Requirement:
Below is a listing to transcribe in full and exactly; keep the pictures out.

Given data:
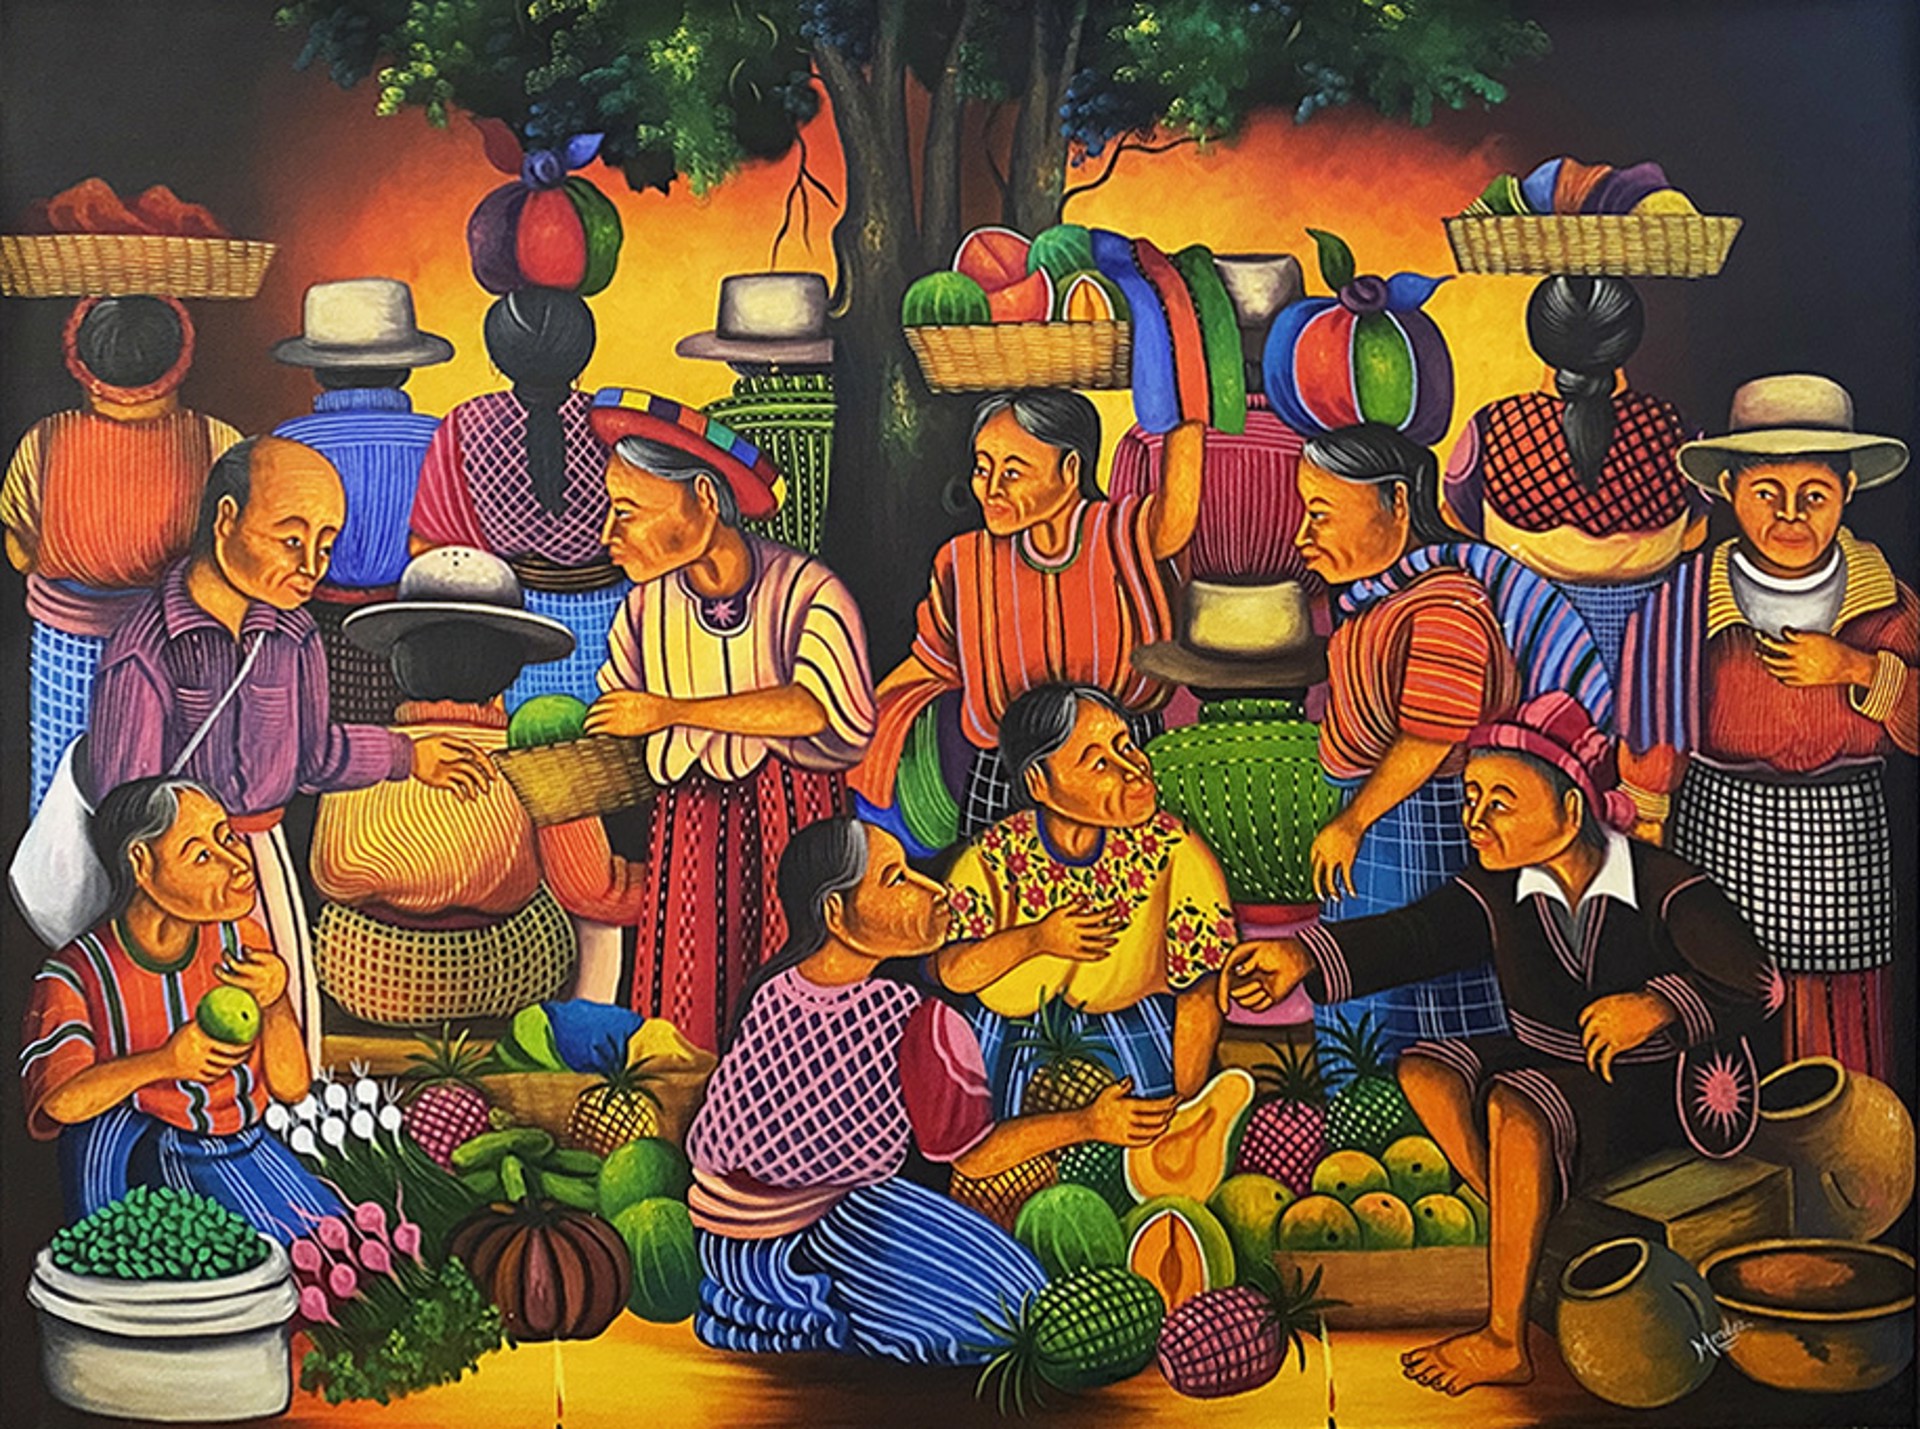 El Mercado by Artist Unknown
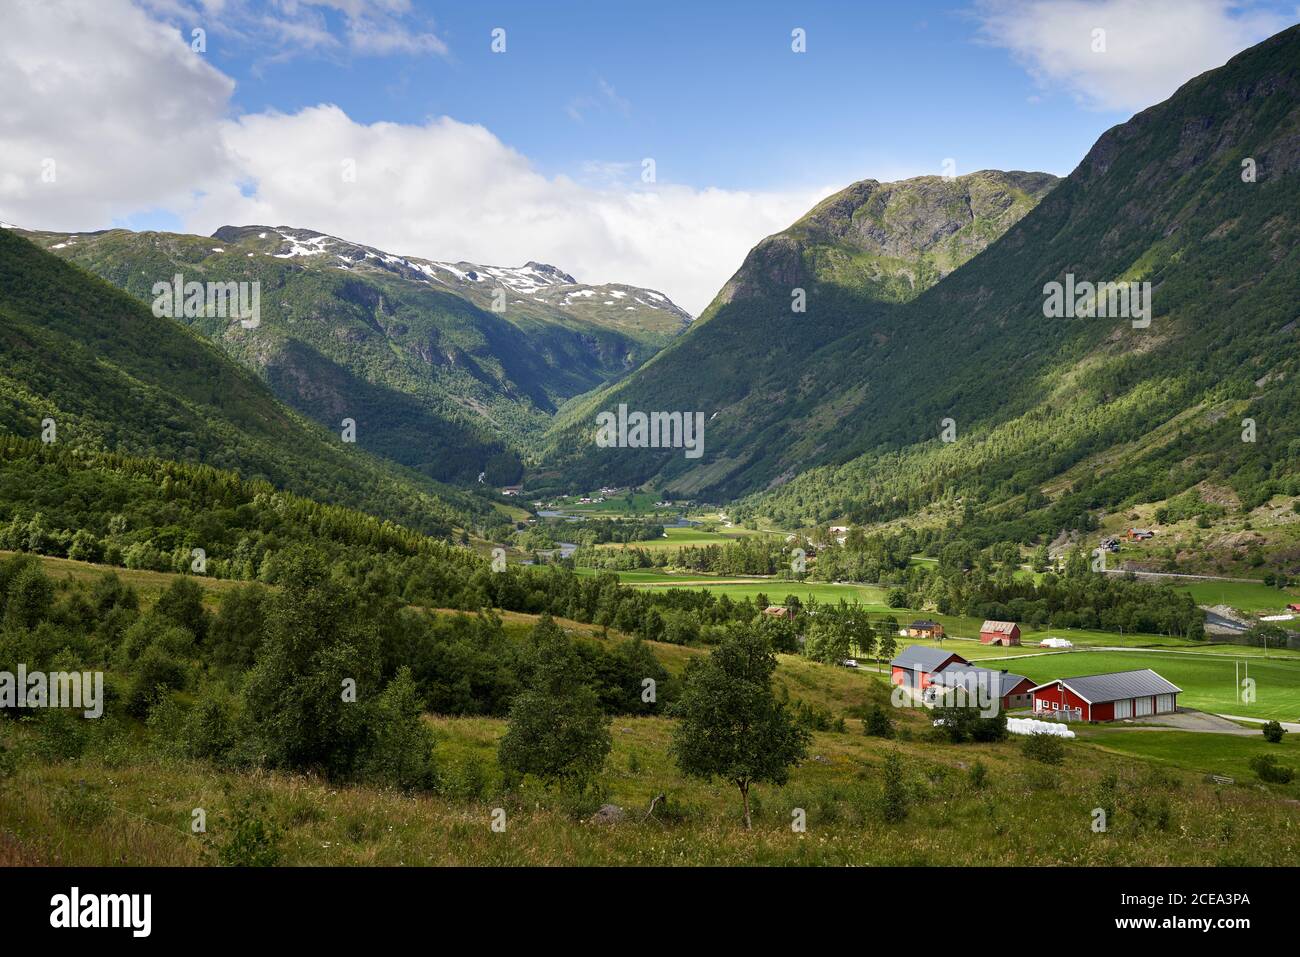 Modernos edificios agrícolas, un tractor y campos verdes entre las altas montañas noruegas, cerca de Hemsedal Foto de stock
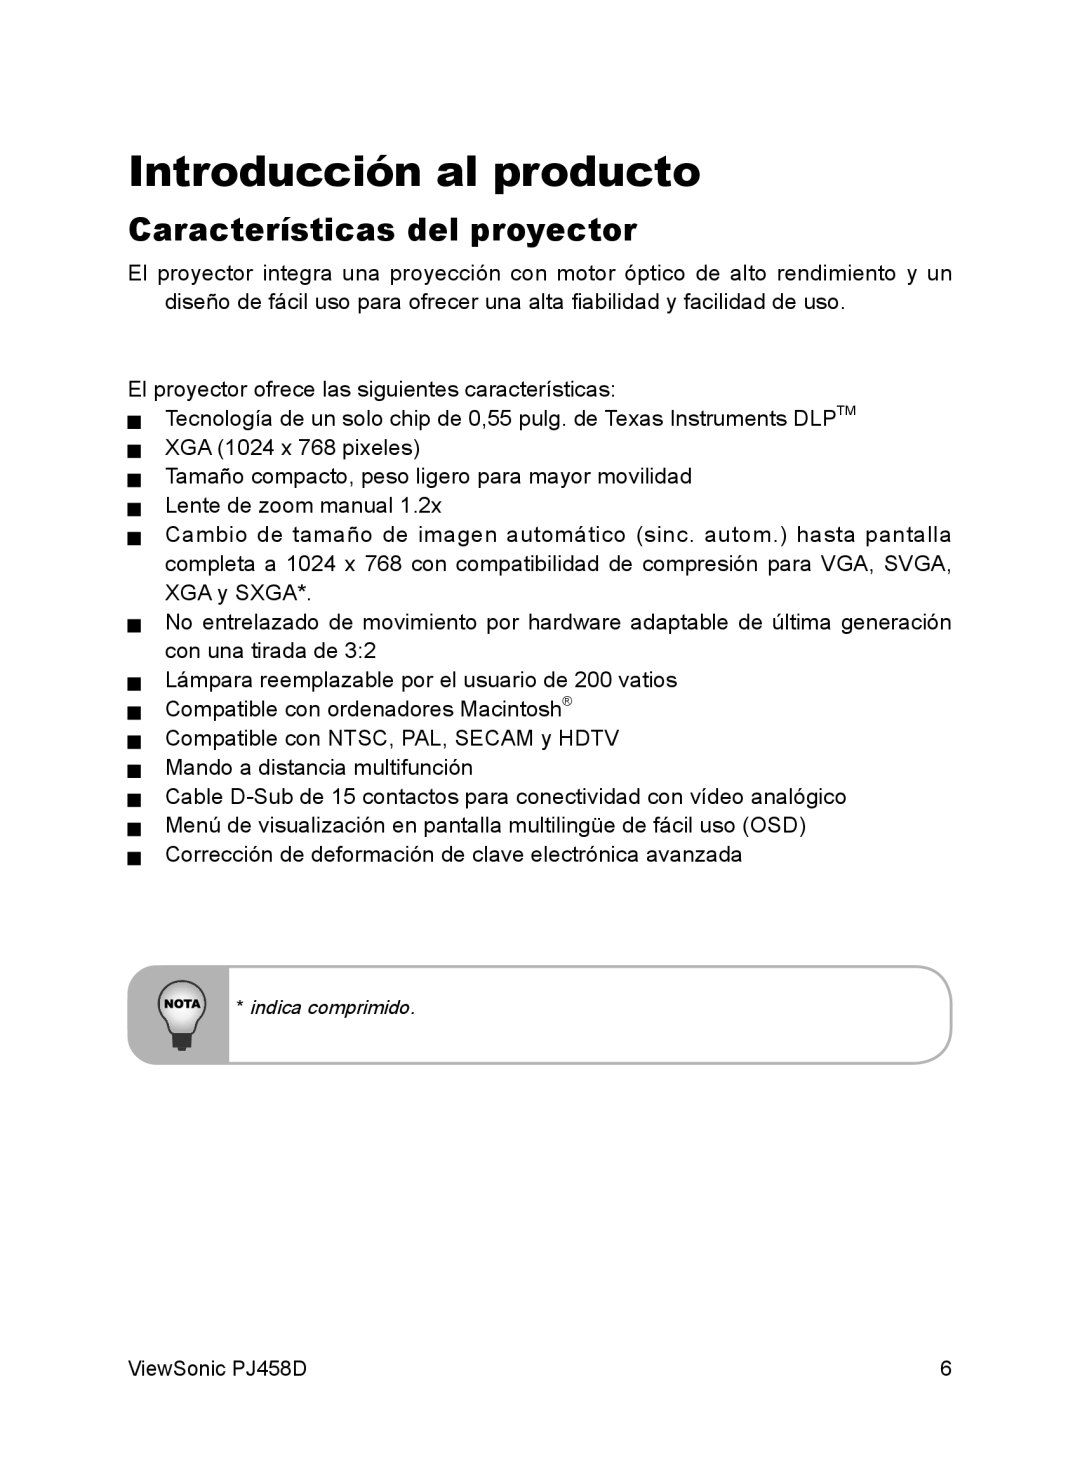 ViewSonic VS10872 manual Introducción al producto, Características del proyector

Solved problem:
 El Mercado by Artist Unknown
 Modernos edificios agrícolas, un tractor y campos verdes entre las altas montañas noruegas, cerca de Hemsedal Foto de stock
 ViewSonic VS10872 manual Introducción al producto, Características del proyector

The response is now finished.